▶ **TASK TO COMPLETE**
Give back all of the data exactly as it stands, with the pictures removed.

----- GIVEN MATERIAL

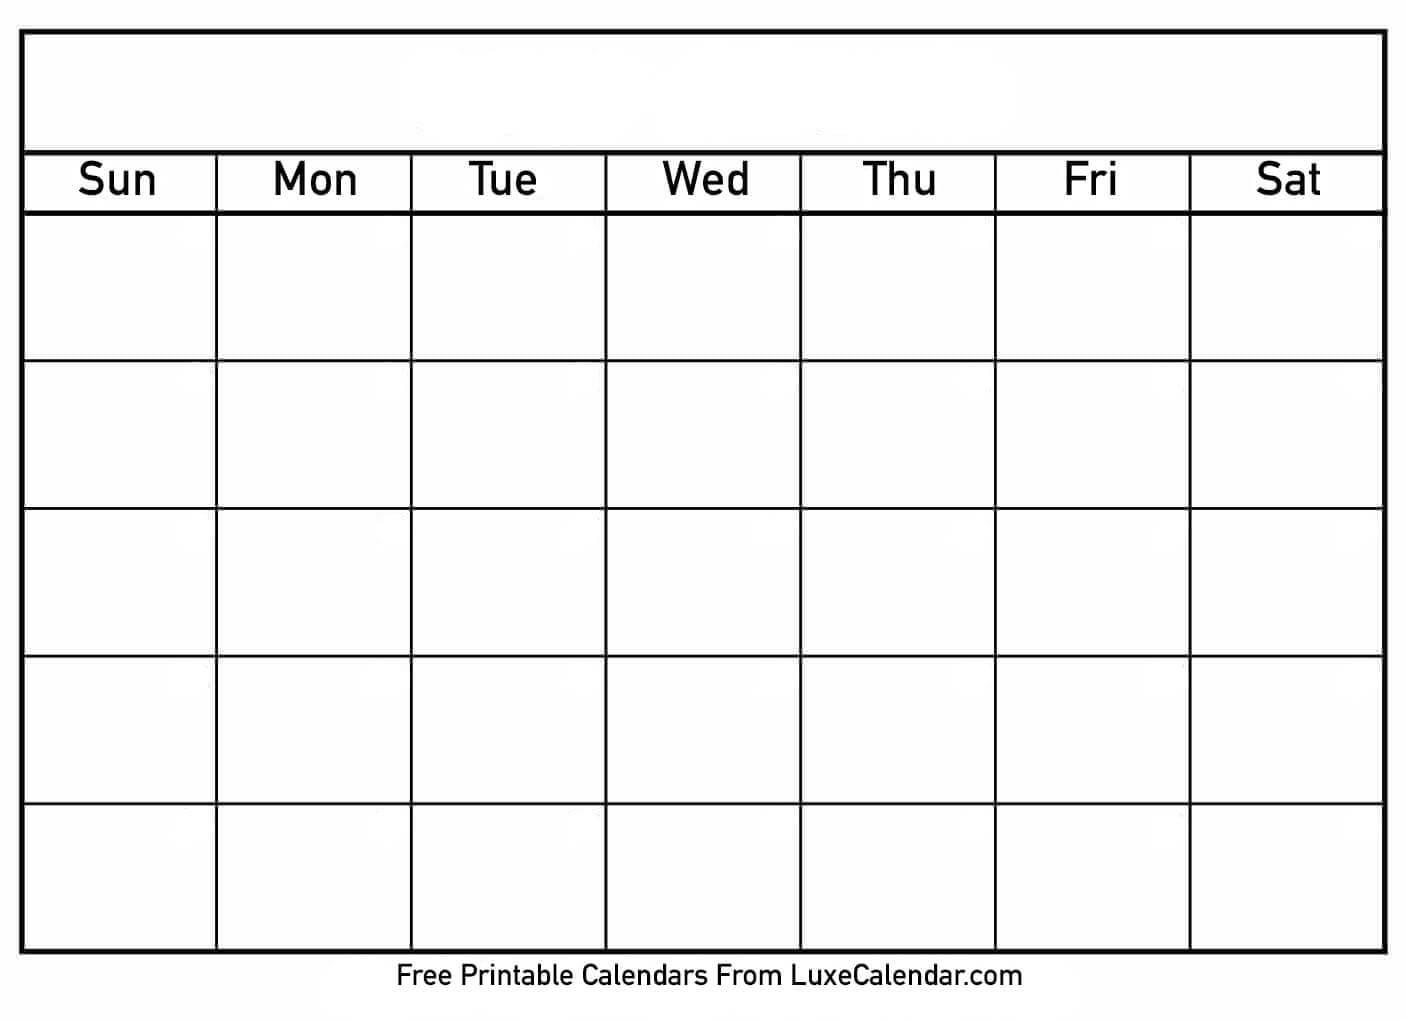 Printable Calendar Templates Full Page - Calendar within Full Page Blank Calendar Template
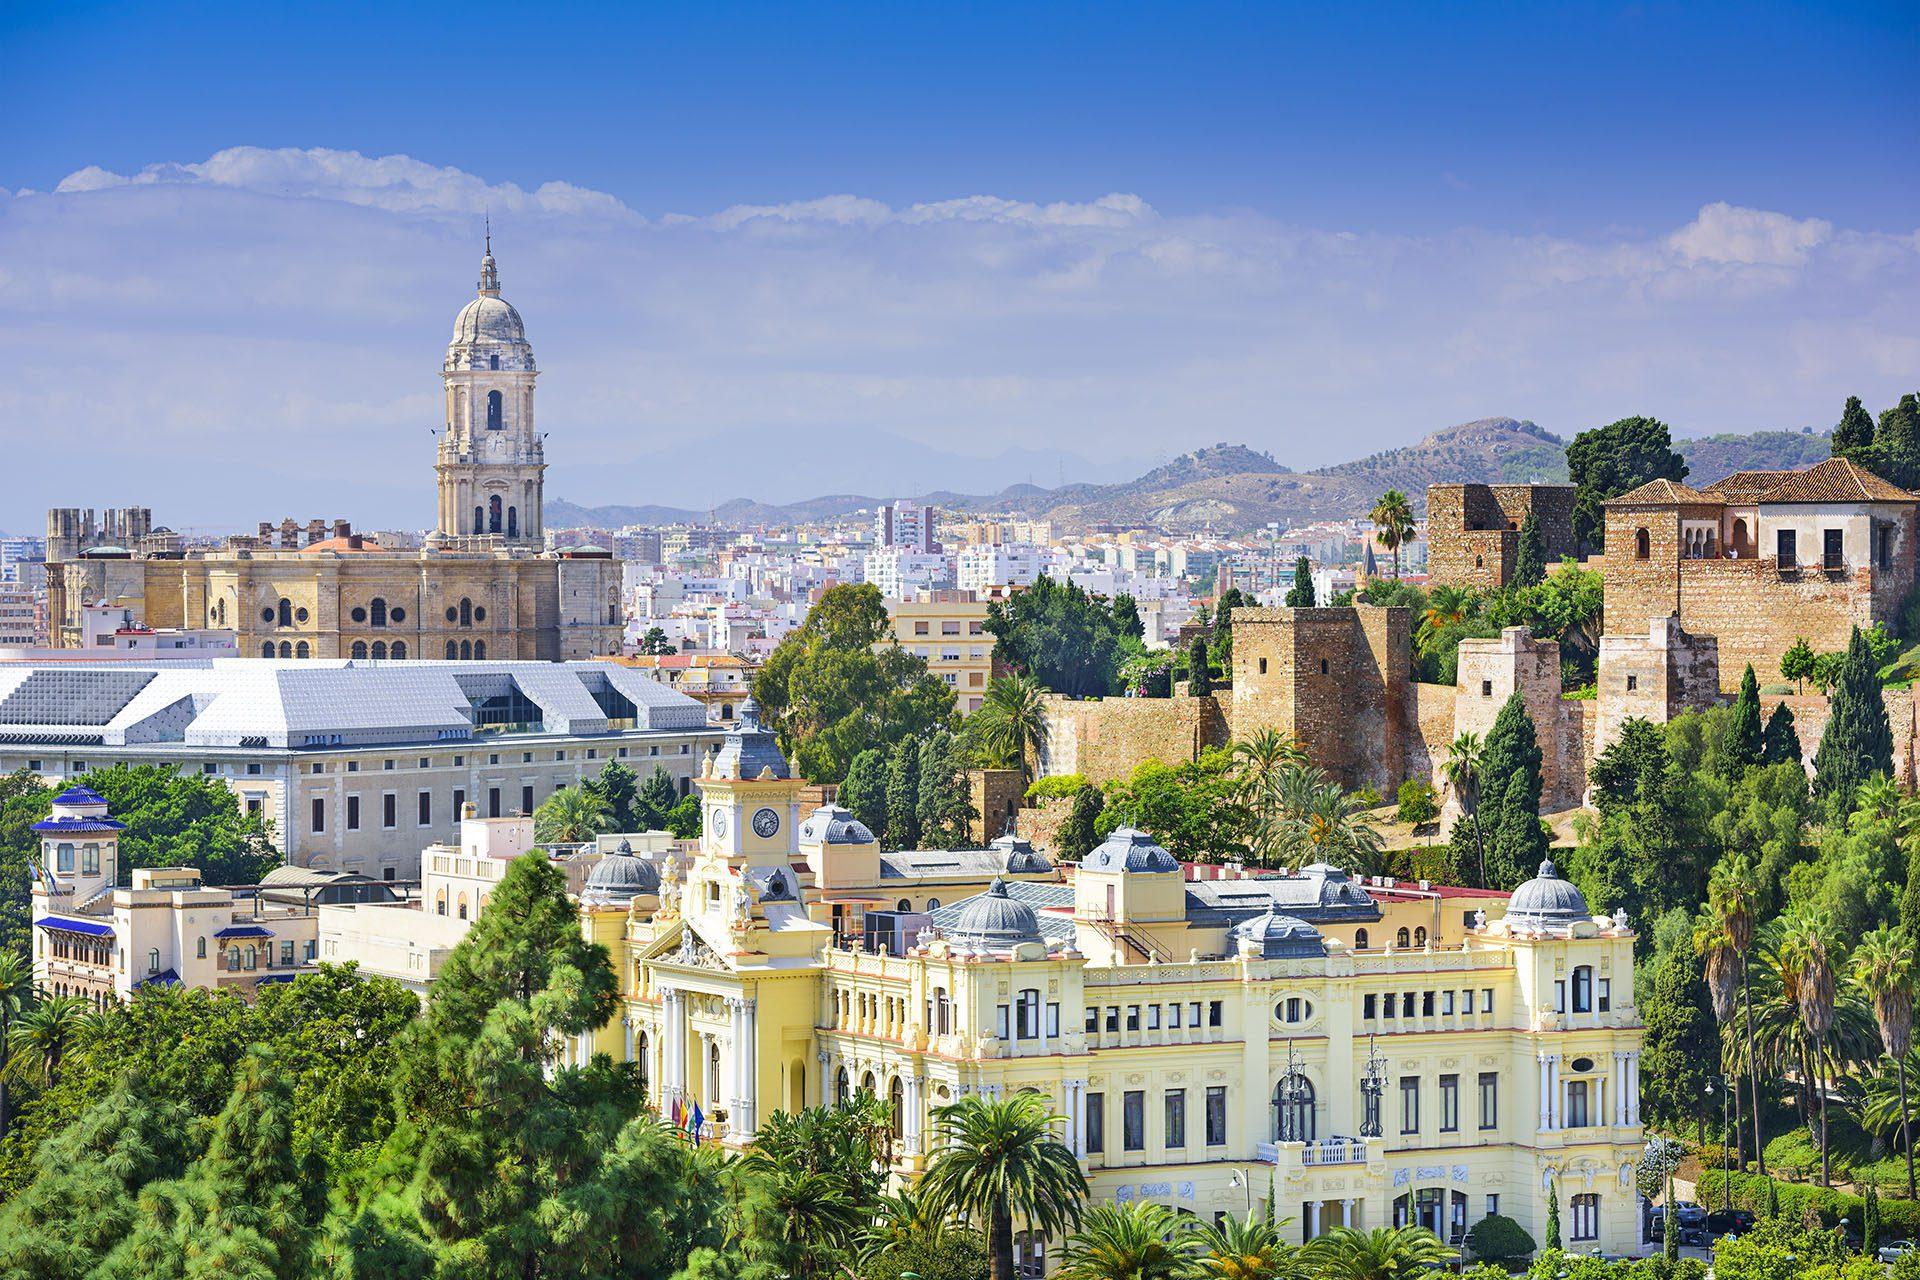 Visite gay de Malaga
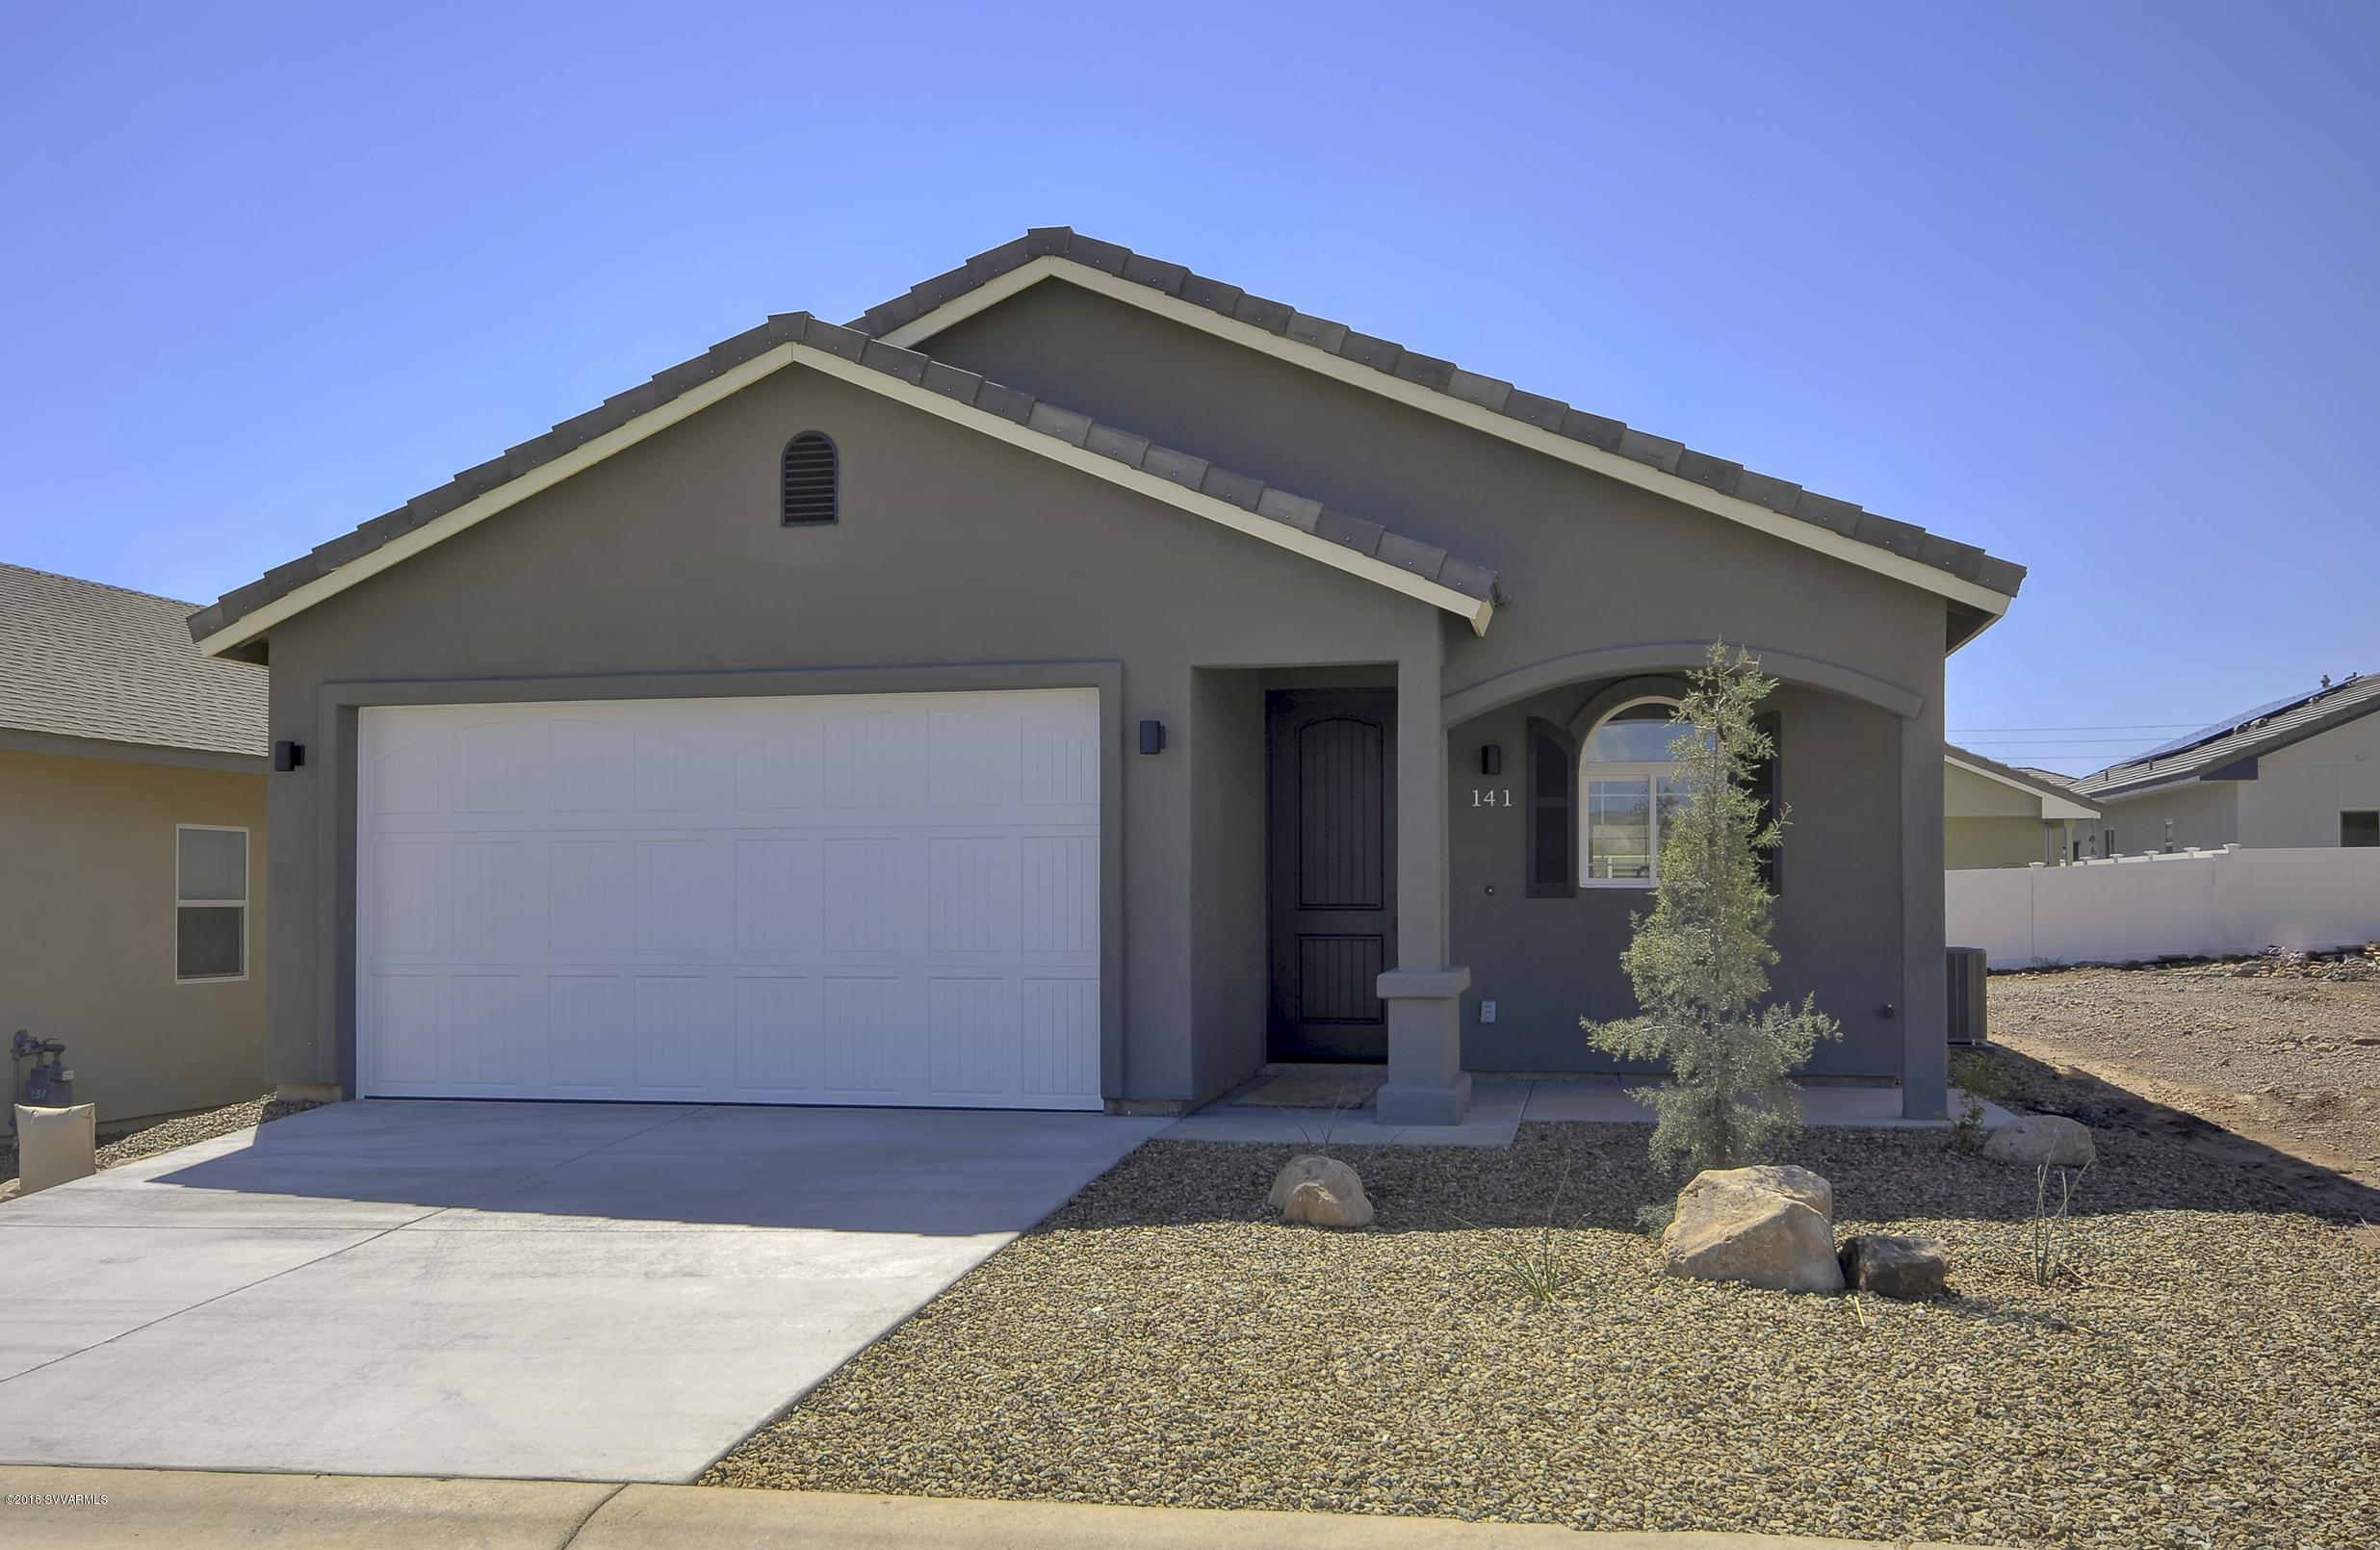 141 Granite Springs Rd Clarkdale, AZ 86324

----------

▶ **EXERCISE OUTPUT**
 Printable Calendar Templates Full Page - Calendar within Full Page Blank Calendar Template
 Visite gay de Malaga
 141 Granite Springs Rd Clarkdale, AZ 86324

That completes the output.